* What is expected *
Whenever a line in the data holds the string "Home", pull that line out.

* Dataset content *

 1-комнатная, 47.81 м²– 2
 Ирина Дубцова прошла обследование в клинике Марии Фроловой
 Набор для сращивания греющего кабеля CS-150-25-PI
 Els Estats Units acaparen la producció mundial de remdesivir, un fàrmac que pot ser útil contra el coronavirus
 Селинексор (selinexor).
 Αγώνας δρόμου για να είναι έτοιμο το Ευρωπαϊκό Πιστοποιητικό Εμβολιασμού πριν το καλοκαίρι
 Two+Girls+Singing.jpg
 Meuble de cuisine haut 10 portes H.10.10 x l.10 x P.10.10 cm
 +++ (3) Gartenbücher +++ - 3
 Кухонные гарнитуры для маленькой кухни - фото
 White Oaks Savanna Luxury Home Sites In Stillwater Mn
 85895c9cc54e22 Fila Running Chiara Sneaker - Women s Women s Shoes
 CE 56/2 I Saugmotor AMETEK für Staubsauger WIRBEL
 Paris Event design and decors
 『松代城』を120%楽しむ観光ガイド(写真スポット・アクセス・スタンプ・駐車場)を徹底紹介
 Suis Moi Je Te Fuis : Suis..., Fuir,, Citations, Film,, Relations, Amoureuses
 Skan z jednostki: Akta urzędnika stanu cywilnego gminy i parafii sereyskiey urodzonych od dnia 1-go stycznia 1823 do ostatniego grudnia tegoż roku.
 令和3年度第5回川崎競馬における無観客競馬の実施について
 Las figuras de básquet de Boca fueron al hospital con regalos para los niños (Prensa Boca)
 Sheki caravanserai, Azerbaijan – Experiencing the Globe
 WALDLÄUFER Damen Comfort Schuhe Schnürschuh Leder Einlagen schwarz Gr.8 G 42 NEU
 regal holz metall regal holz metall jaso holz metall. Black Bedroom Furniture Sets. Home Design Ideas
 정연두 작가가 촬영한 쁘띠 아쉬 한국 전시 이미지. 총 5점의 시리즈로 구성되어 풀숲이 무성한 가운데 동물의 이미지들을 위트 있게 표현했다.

* Output of the task *
 White Oaks Savanna Luxury Home Sites In Stillwater Mn
 regal holz metall regal holz metall jaso holz metall. Black Bedroom Furniture Sets. Home Design Ideas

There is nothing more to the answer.